I’m surprised that code doesn’t crash. Obviously you haven’t taken the time to read the manual or even bother to look at warning messages from your compiler. First of all, there is a reason why you get the size of the structure needed, in GetFileVersionInfoSize. Second, in GetFileVersionInfo you pass a pointer to a pointer which is pointing to what?

[This message has been edited by roffe (edited 06-13-2003).]

OK, i got your drift – i must confess that i didn’t read the info about dwLen to the end. Moreover,assuming previous, i thought that lpData recieves the pointer to a buffer already allocated somewhere else – ok, my bad. And that ampersand sign in GetFileVersionInfo – i just forgot to remove it when pasting the code to post it here; i just was trying everything there since the return from that function was non-zero in any case and it still didn’t work as i expected.

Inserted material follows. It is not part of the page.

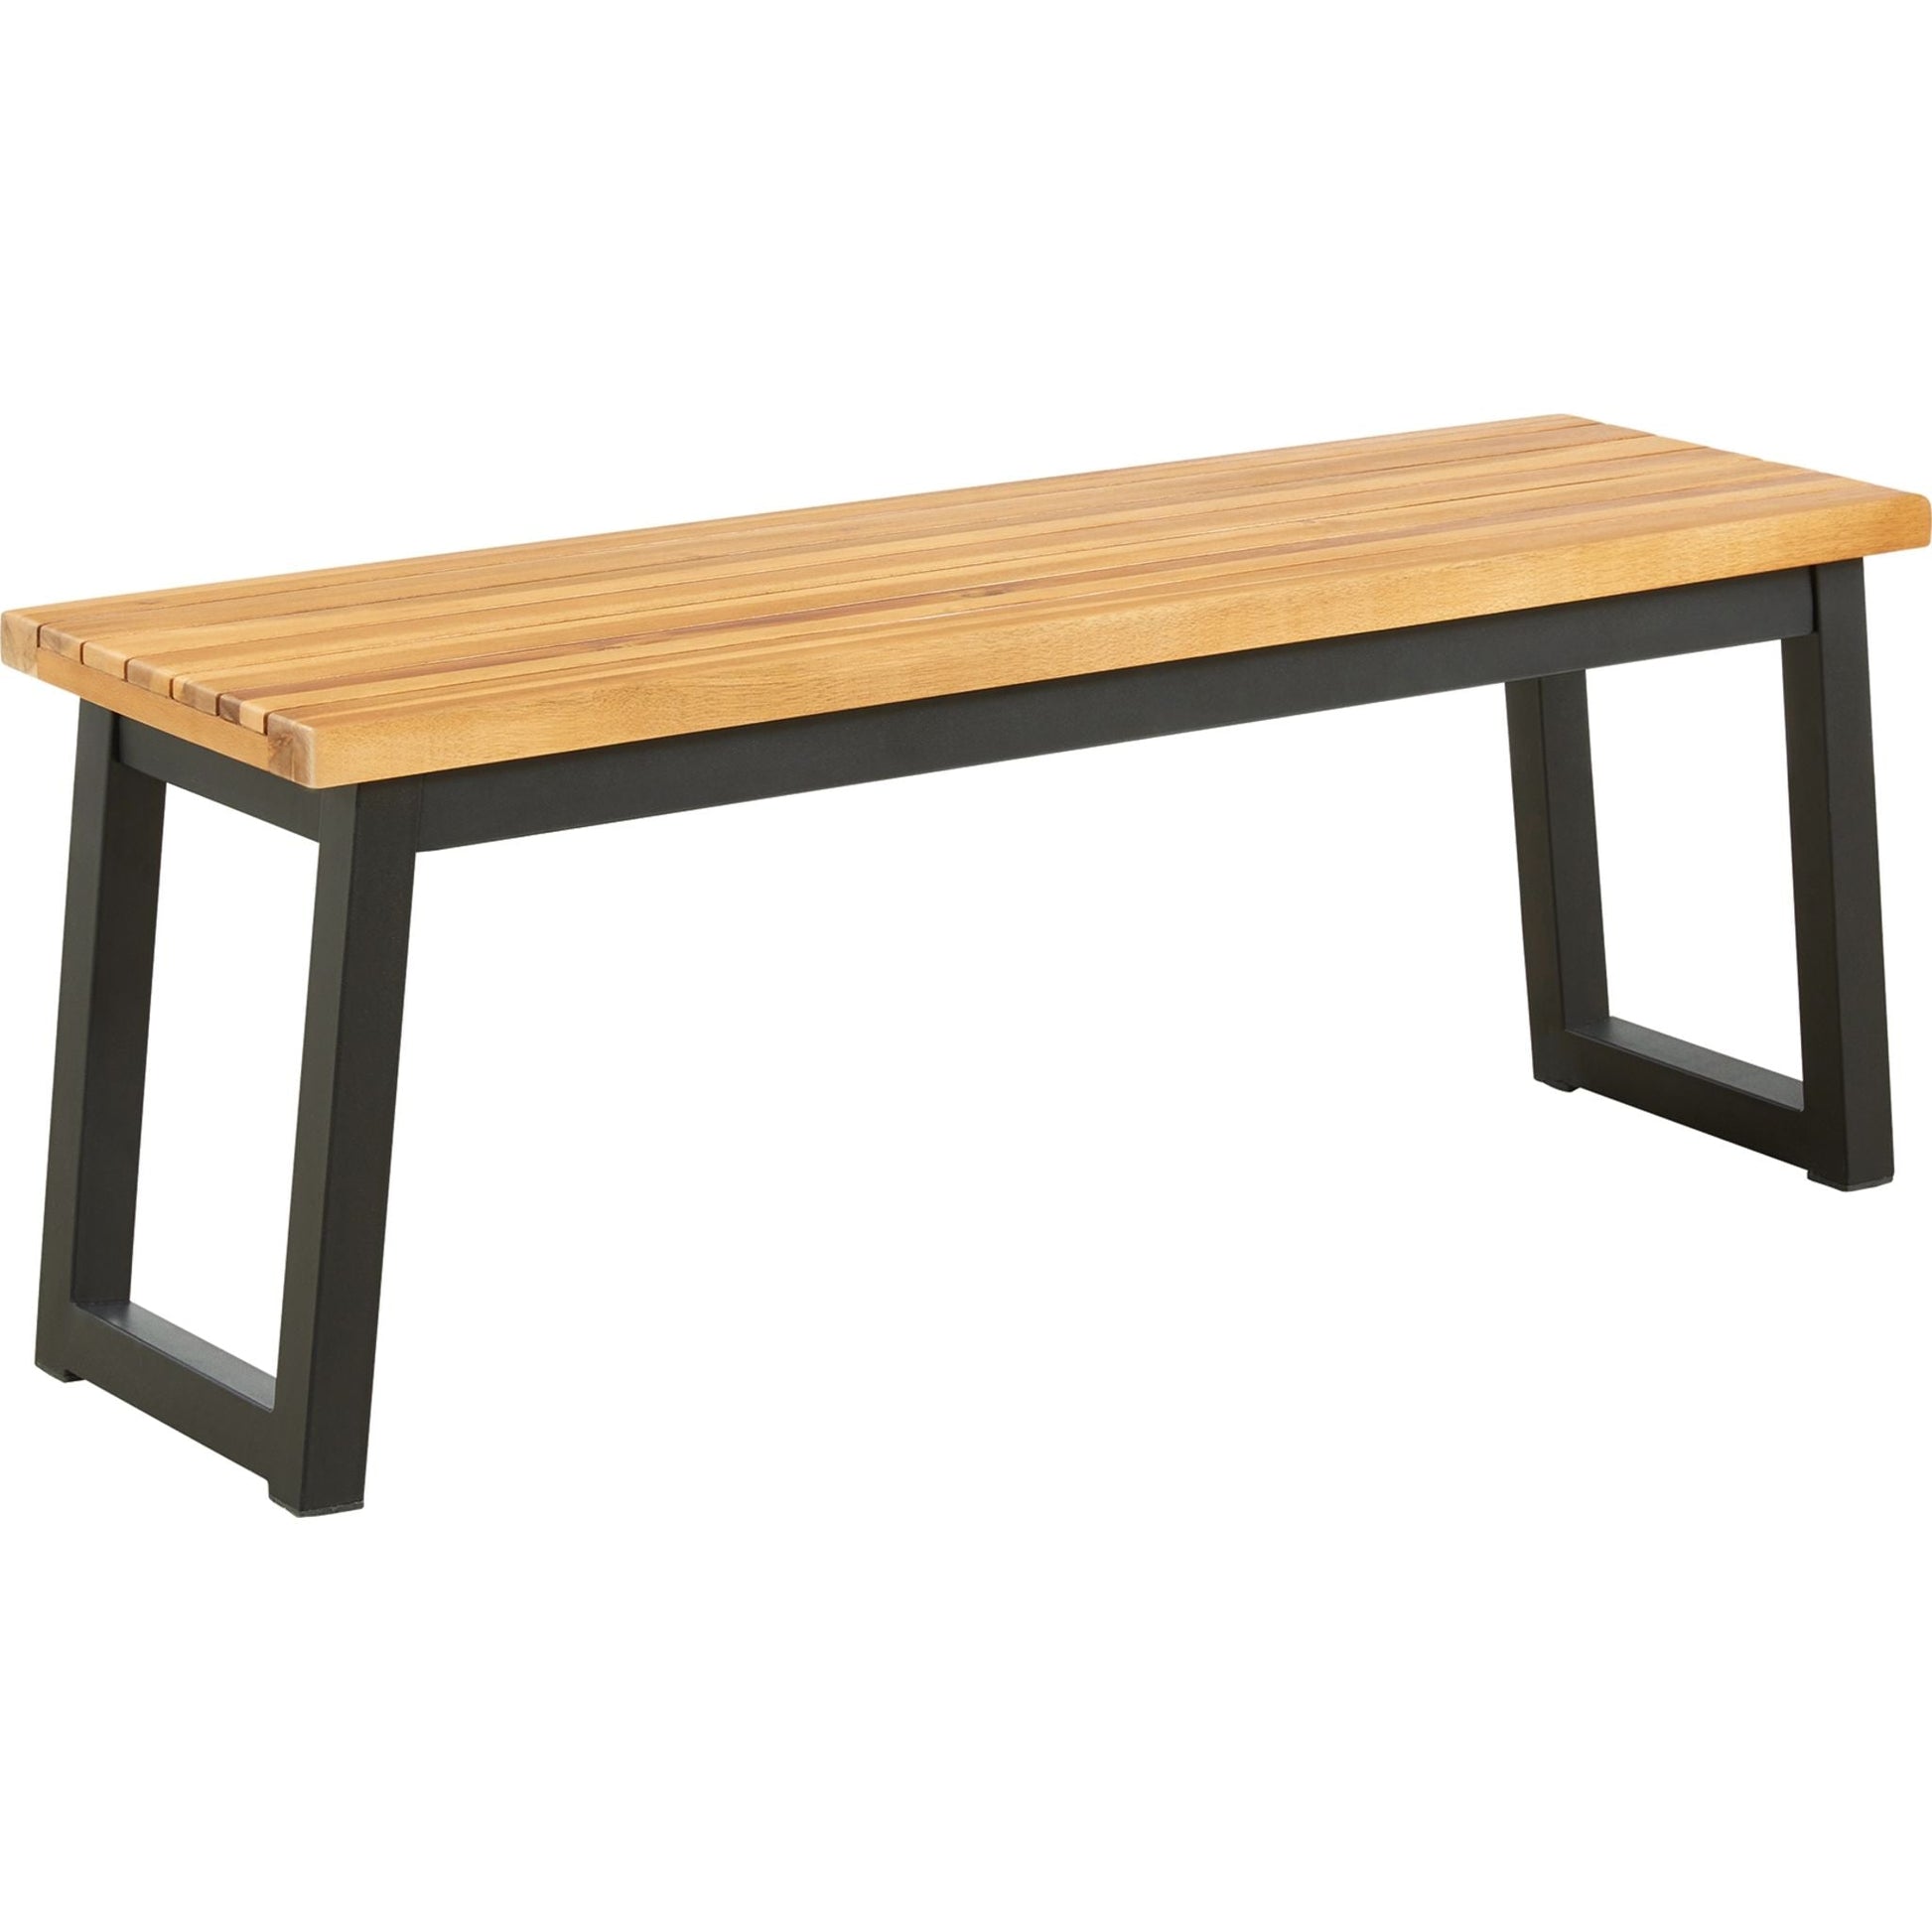 Outdoor Town Wood Table Brown/Black

So, if now i understand it correctly, it needs you to allocate the memory for the buffer and pass the pointer to it, something like this:

unsigned char* lpInfoBuff;
dwInfoSize = GetFileVersionInfoSize((LPTSTR)&dmSettings.dmDeviceName, &var);
lpInfoBuff = new unsigned char[dwInfoSize];
BOOL bRetval = GetFileVersionInfo((LPTSTR)&dmSettings.dmDeviceName, NULL, dwInfoSize, lpInfoBuff);

is this correct?

I guess it’s been a pretty slow week.

Yick-yacking about the Windows registry and how to do some Windows programming is sure sign of it. I wonder why C++ doesn’t jump in and yell switch to DirectX.

OH NO! Now when you said THAT – throw OpenGL outta the window and get under the desk! 'Coz that dude is already rushing with a light speed to your door!..

…oooops … he was right under your window when you threw OpenGL out Go pick up that unbeatable one – you’ll need it. And… oh yeah, don’t forget to tear that guy off the sidewalk

[This message has been edited by matt_weird (edited 06-14-2003).]